GöteborgsOperans Danskompani – Skid de Damien Jalet
La GöteborgsOperans Danskompani est en tournée mondiale avec Skid de Damien Jalet et s’est arrêtée à Paris sur la scène du Théâtre de Chaillot. Le chorégraphe franco-belge a imaginé un dispositif inédit : un plan incliné à 34° comme un vaste toboggan sur lequel évoluent durant 45 minutes 17 danseurs et danseurs de la compagnie suédoise. Un défi permanent à la gravité lancé par Damien Jamet à cette troupe d’exception pour un spectacle d’une beauté sidérale qui offre une métaphore miniature de l’humanité. Du grand art !
Damien Jalet est fasciné par la gravité tout comme il l’est pas la nature. Avec le rite japonais Onbashira, il a trouvé une source d’inspiration féconde. Tous les six ans près du Lac Suwa, des hommes grimpent sur des troncs d’arbre pour les faire dévaler la montagne. Une mise en danger qui peut être mortelle mais que le chorégraphe a transcendé dans son travail. Ce fut tout d’abord Thr(o)ugh qu’il créât pour le Hessisches Staatsballett en 2016. Damien Jalet avait centré cette première pièce sur un cylindre de six mètres qui figurait un tronc d’arbre. Pour Skid créé l’année suivante, il questionne davantage encore cette question de la gravité et de la manière dont elle interfère avec la danse, avec à la clé dune question fondamentale : qu’est ce qui crée le mouvement ? La danse ou la gravité ?
Le propos ainsi énoncé pourrait paraître trop cérébral. Mais Skid est tout sauf un spectacle désincarné. C’est au contraire une pièce débordante de vie. Elle débute avec lenteur alors qu’apparaît au sommet du plan incliné des jambes, puis le corps et la tête. Un autre corps, un autre danseur et une première glissade où les corps s’engloutissent dans un tréfonds noir que l’on ne voit pas. Cette séquence se répète ad libitum avec de multiples variations à chaque retour en haut du vaste toboggan. Les 17 danseuses et danseurs, tous habillés de manière identique, apprivoisent la gravité, se redresser, bouger seul où à plusieurs. Immanquablement, ces tentatives n’empêcheront pas la chute fatale.

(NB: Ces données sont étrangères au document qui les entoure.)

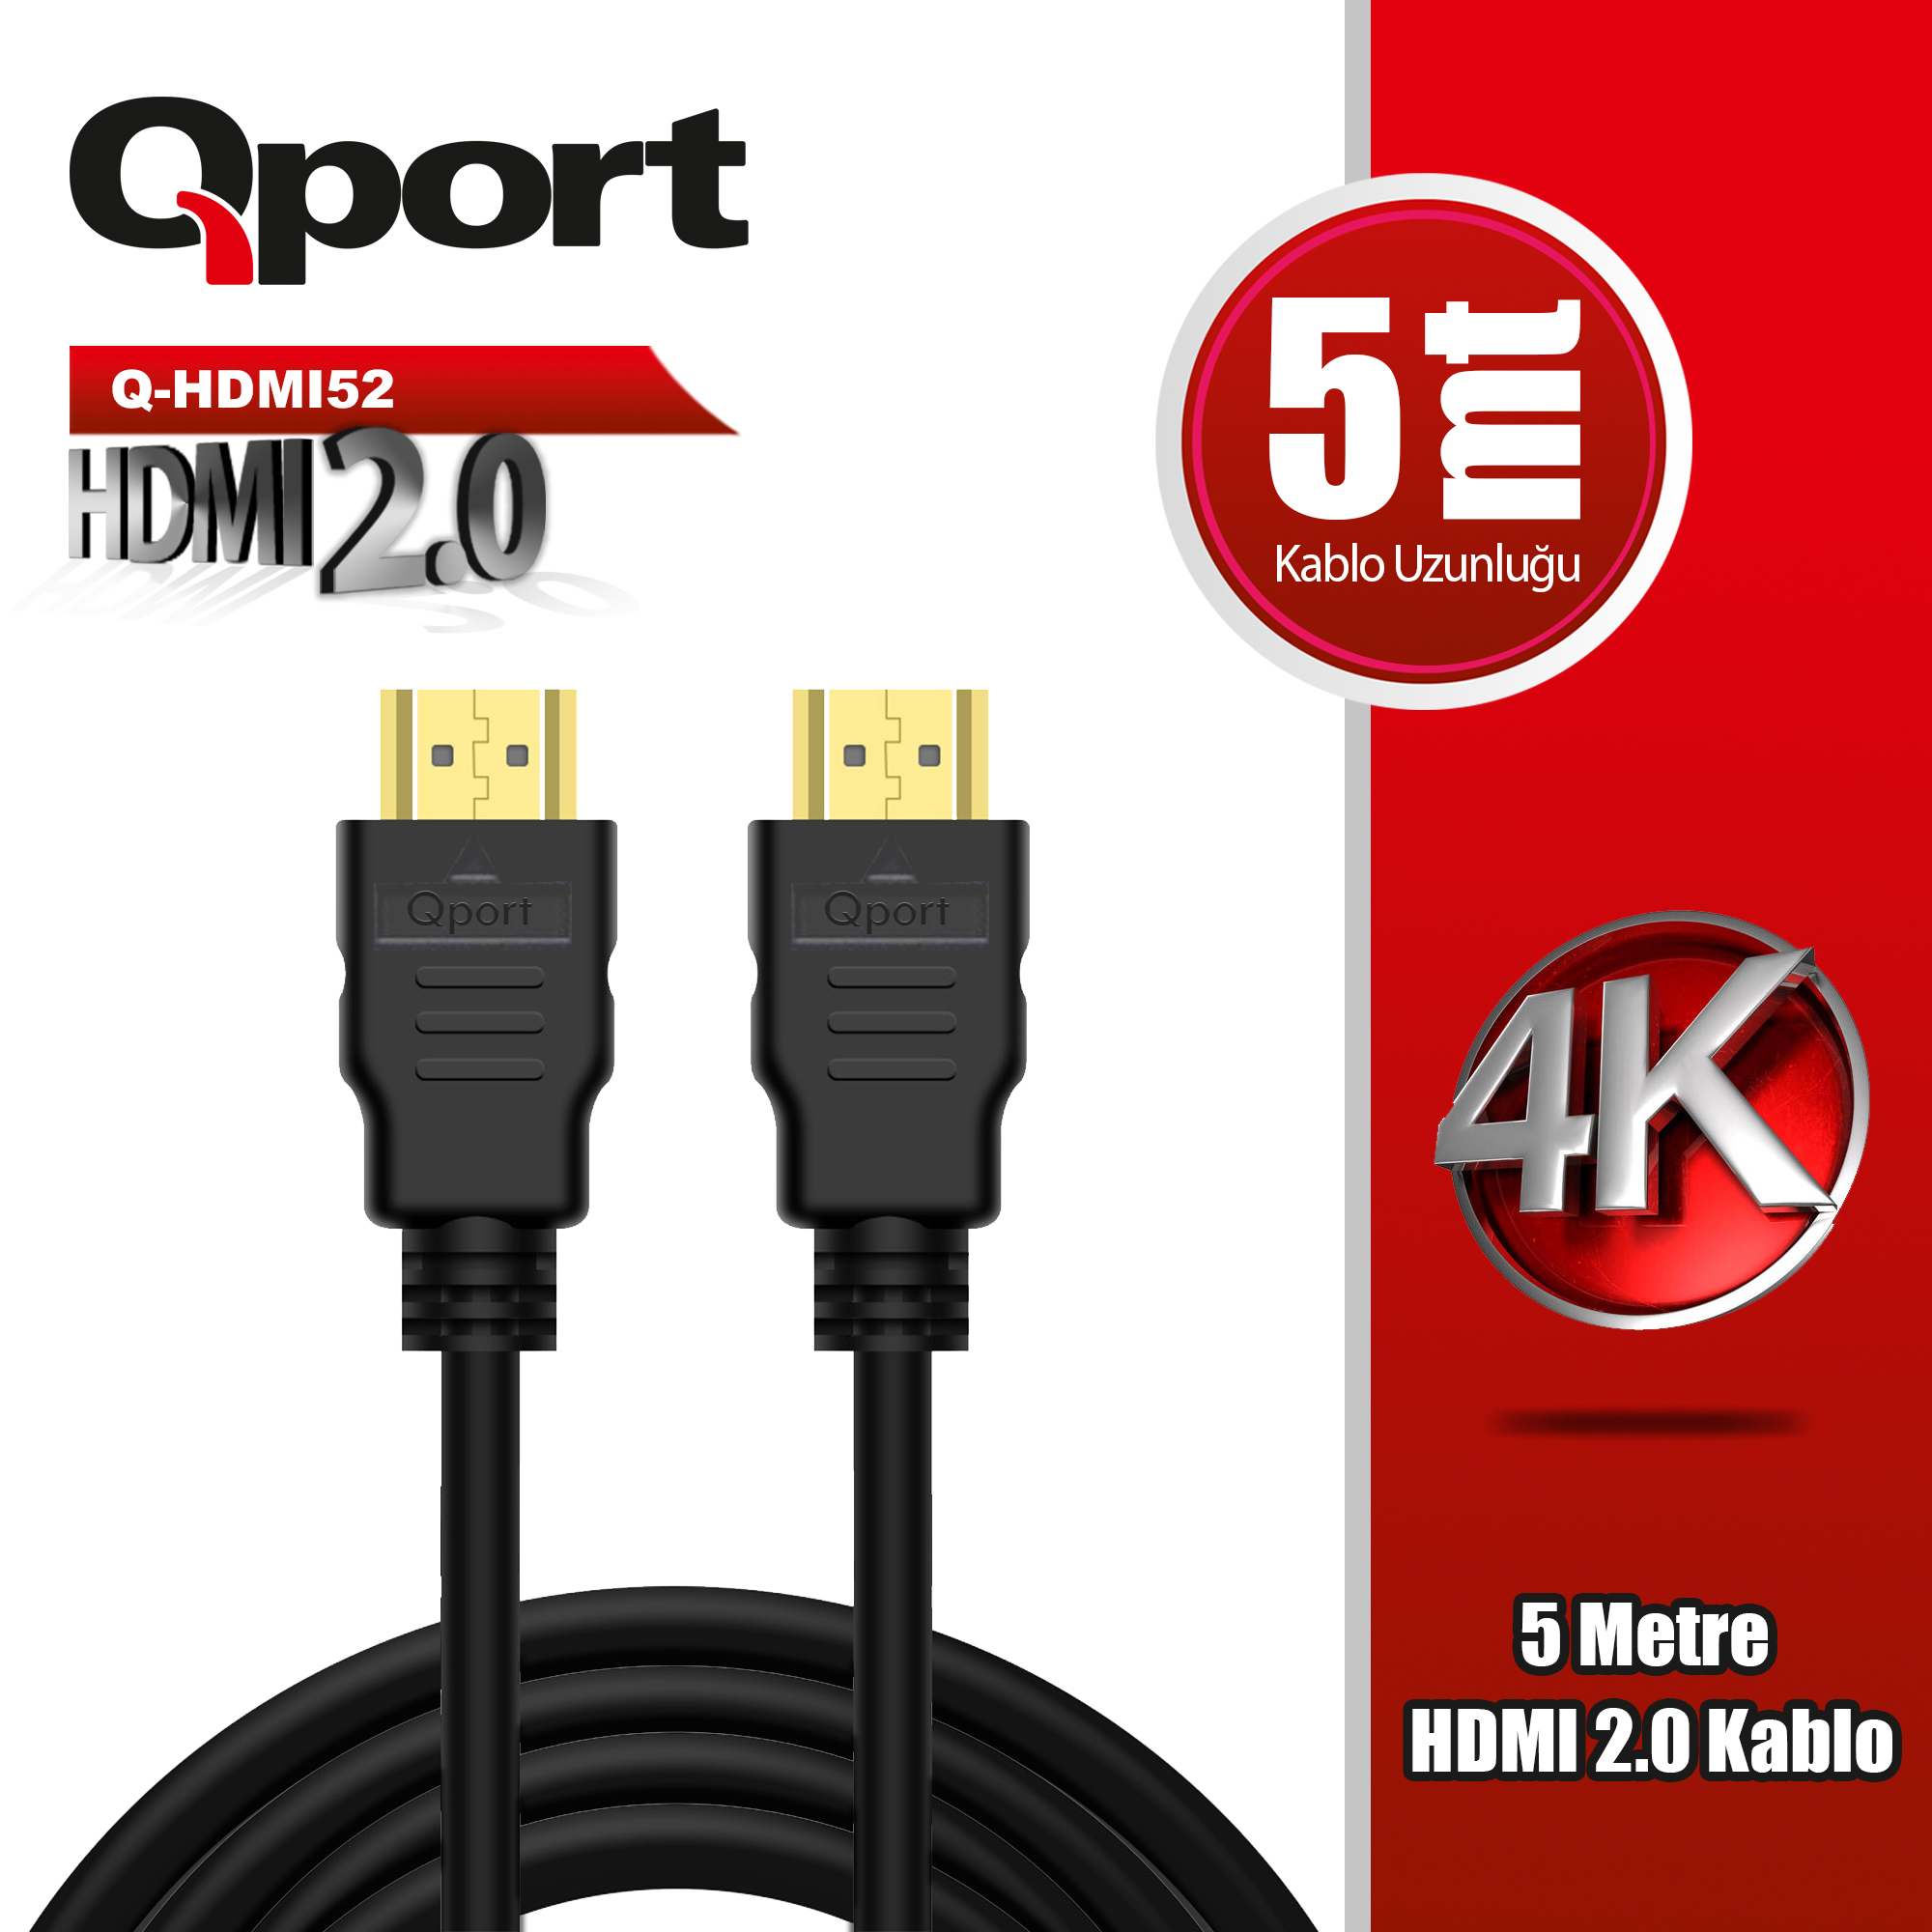 QPORT (Q-HDMI52) ALTIN UCLU 5M 4K HDMI2.0 KABLO

Mais c’est de l’humanité qu’il s’agit ici et de sa propension à dompter les obstacles. Dans une deuxième partie, les danseuses et les danseurs surgissent du trou noir pour escalader le plan incliné. Ils sont alors vêtus de noir et semblent s’être mutés en guerriers. La danse devient fascinante : ils se déplacent en groupe, synchrones, en rythme, capables désormais de vaincre la peur de la chute. Se dessinent alors toutes sortes de figures chorégraphiques où chacun et chacune se doit d’être solidaire pour survivre. La dernière partie est comme une métaphore de la naissance où un danseur emprisonné dans une camisole, réussit à la briser, à en sortir, se redresser et grimper jusqu’au sommet, point d’orgue superbe de Skid.
Les artistes de la GöteborgsOperans Danskompani se sont prêtés avec générosité à ce ballet de l’extrême. « J’ai conçu cette pièce pour cette compagnie parce qu’elle est très organique« , explique Damien Jalet. Ils et elles ont un talent fou et cette compagnie suédoise, que l’on avait vue l’an dernier dans ce même Théâtre de Chaillot, fait partie des troupes d’excellence de danse contemporaine en Europe – la Suède, on le sait, regorge de talents et pas seulement à Stockholm. Skid est un pièce majeure où Damien Jalet a construit comme une métaphore de l’humanité, de la naissance à la mort mais à rebours. Il invente une danse qui parle de métaphysique avec une sensualité de tous les instants, compactant toutes nos émotions.
Skid de Damien Jalet par la GöteborgsOperans Danskompani au Théâtre de Chaillot. Avec Aimilios Aropoglou, Takuya Fujisawa, Emilia Gisladottir, Sabine Groenendijk, Joseba Yerro Izaguirre, Valarija Kuzmica, Emelie Leriche, Pascal Marty, Michael Munoz, Waldean Nelson, Einar Nikkerud, Dorotea Saykaly, Duncan C Schultz, Endre Schumicky, Frida Dam Seidel, Satoko Takahashi et Lee-Yuan Tu. Jeudi 31 janvier 2019. À voir en tournée européenne.